■ **Your goal**
You are asked to reproduce the listing exactly and to omit its pictures.

■ **Given data**
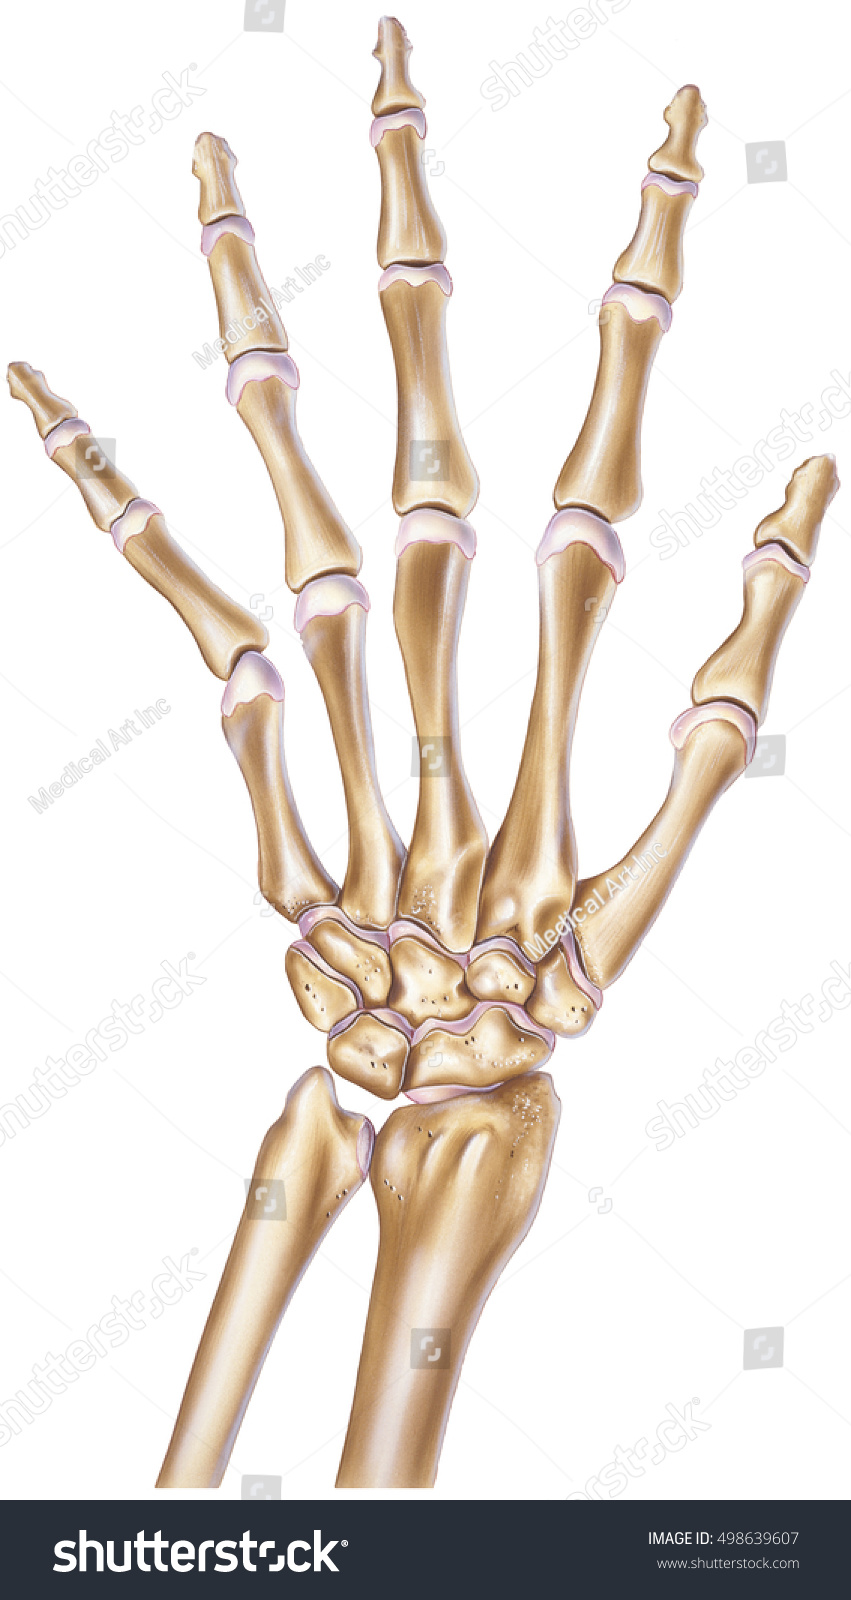 Hand Normal Bones Joints Stock Illustration 498639607 - Shutterstock
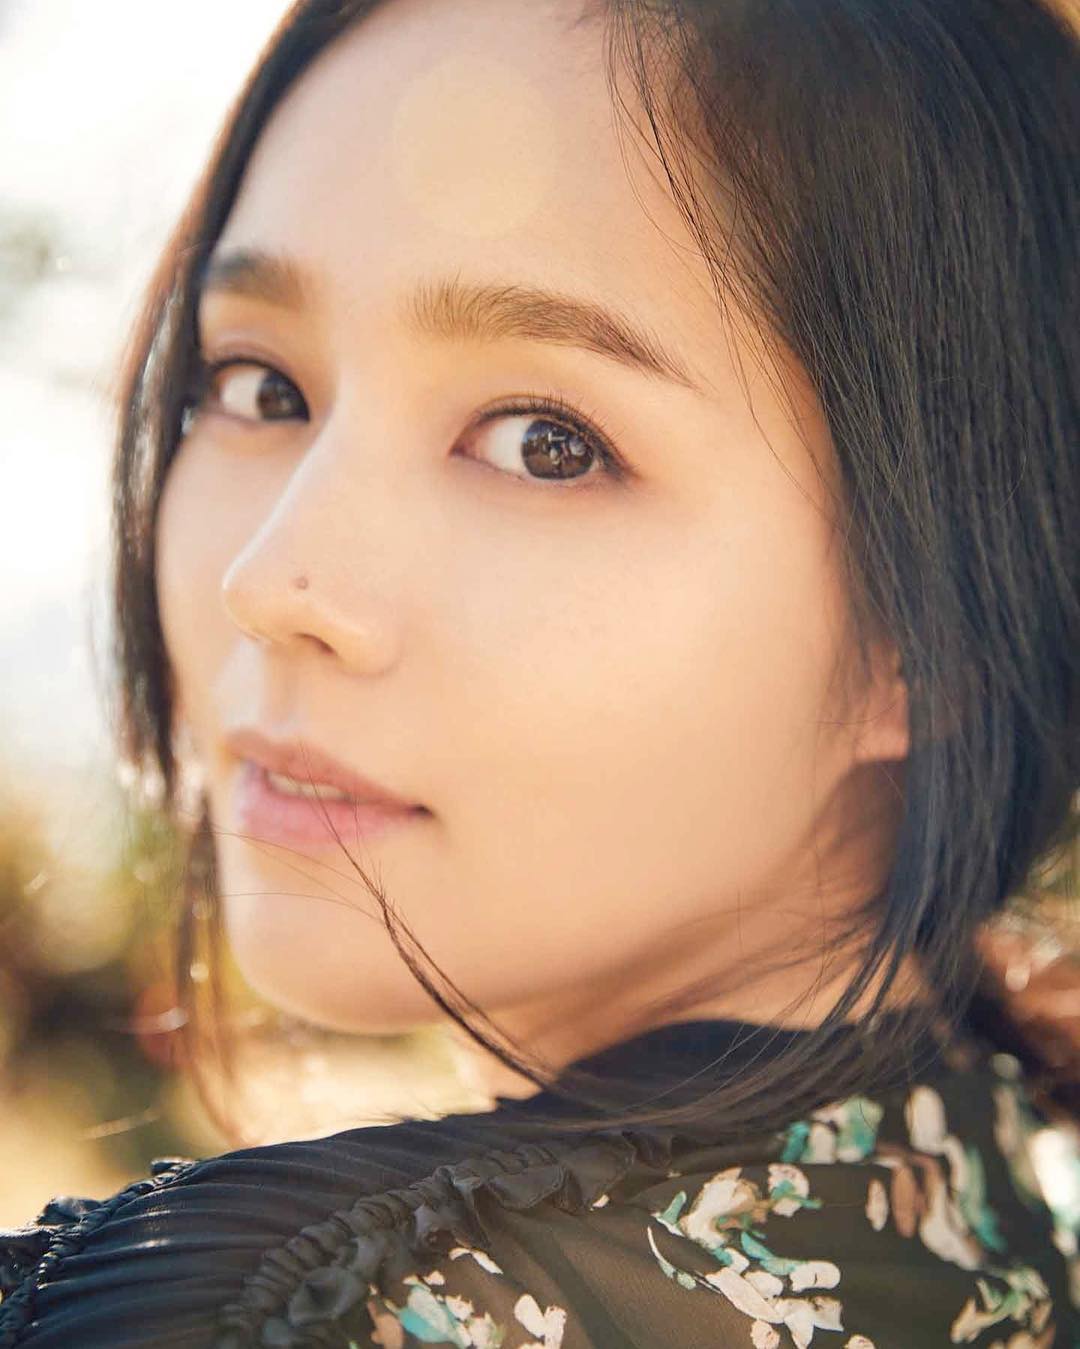 Han Ga in south korean actress 5
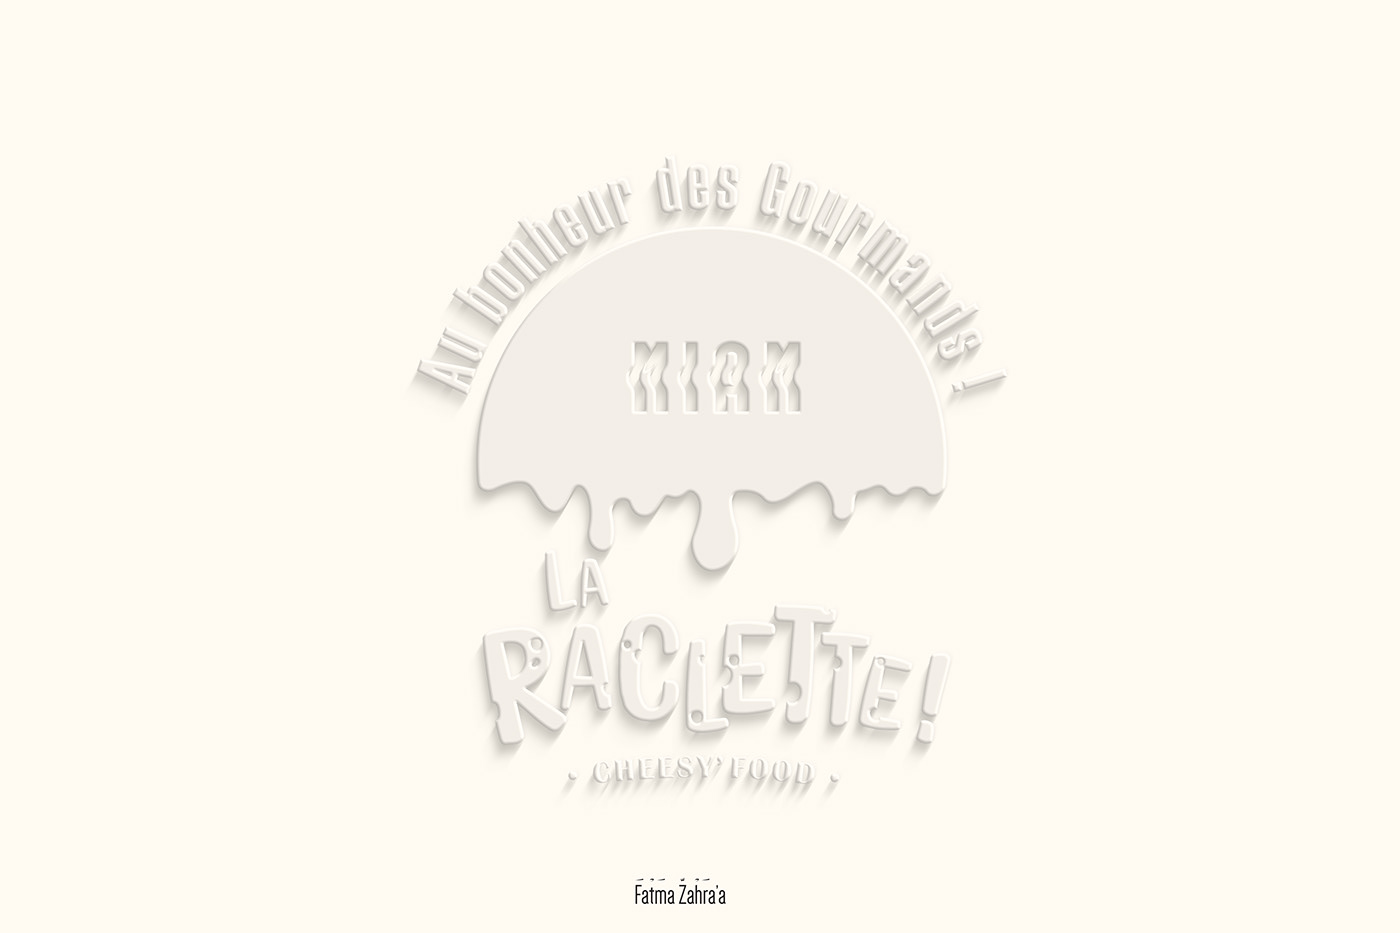 Cheese cheesy food corporate identity Logo Design raclette Sfax think create tunisia visual identity

■ **Reply**
 Hand Normal Bones Joints Stock Illustration 498639607 - Shutterstock
 Han Ga in south korean actress 5
 Cheese cheesy food corporate identity Logo Design raclette Sfax think create tunisia visual identity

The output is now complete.